Travelling alone through places with patchy cellphone network coverage, the cat relies on blending in with locals to move around without attracting attention, for safety. Especially when it is highly unlikely that anyone it manages to contact in an emergency would be able to respond with help within a day or two or many more. Blending in also means not having to deal with farang prices ;) It also means that locals are not the least bit shy & will not hesitate to yak on & on:
maa tae/jak Wiang Jarn/Luang Phabang maen bor? you're from Vientiane/Luang Prabang right?
baan keut yuu sai? where's your village/hometown/birthplace?
maa haa phor mae/phii nong? you're here to look for parents/relatives?
maa thula/thiaw? here on business/holiday?
hian mahawitthayalai thii pathet Wietnam? studying in university in Vietnam?
bpen khuu/ajaan maen bor? you're a teacher/lecturer right?

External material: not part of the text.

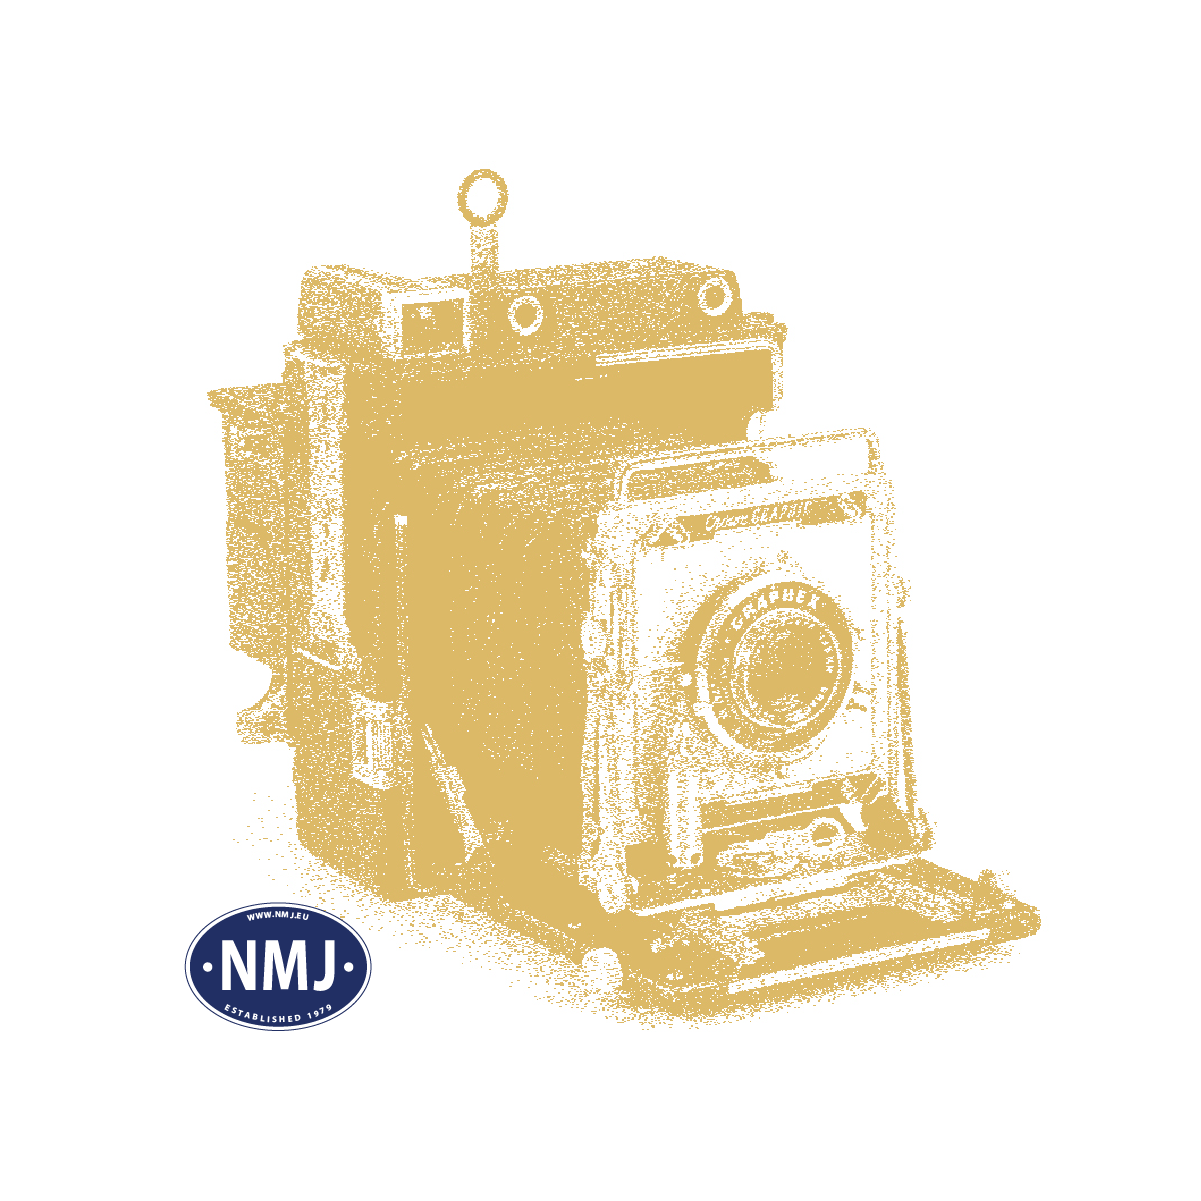 NMJT245001 - NMJ Topline NSB Di3b 641 Rotbraun, 0-Skala, DCC m/Sound

ayuu jak pii? taeng ngaan laew bor? how old are you? married yet?
lot nii pai Muang Xai bor? does this bus go to Udomxai?
waylaa bpai theung Ban XXX suai bork khoi dai bor? when we reach XXX village could you please tell me?
& when they realise that the cat barely understands anything they are saying:
khawp khua jaak bpai pathet Lao meua dai? when did your family leave Lao?
...with the assumption that the cat is an overseas Lao born in USA/France/some Thai refugee camp & making a trip back to discover its roots...!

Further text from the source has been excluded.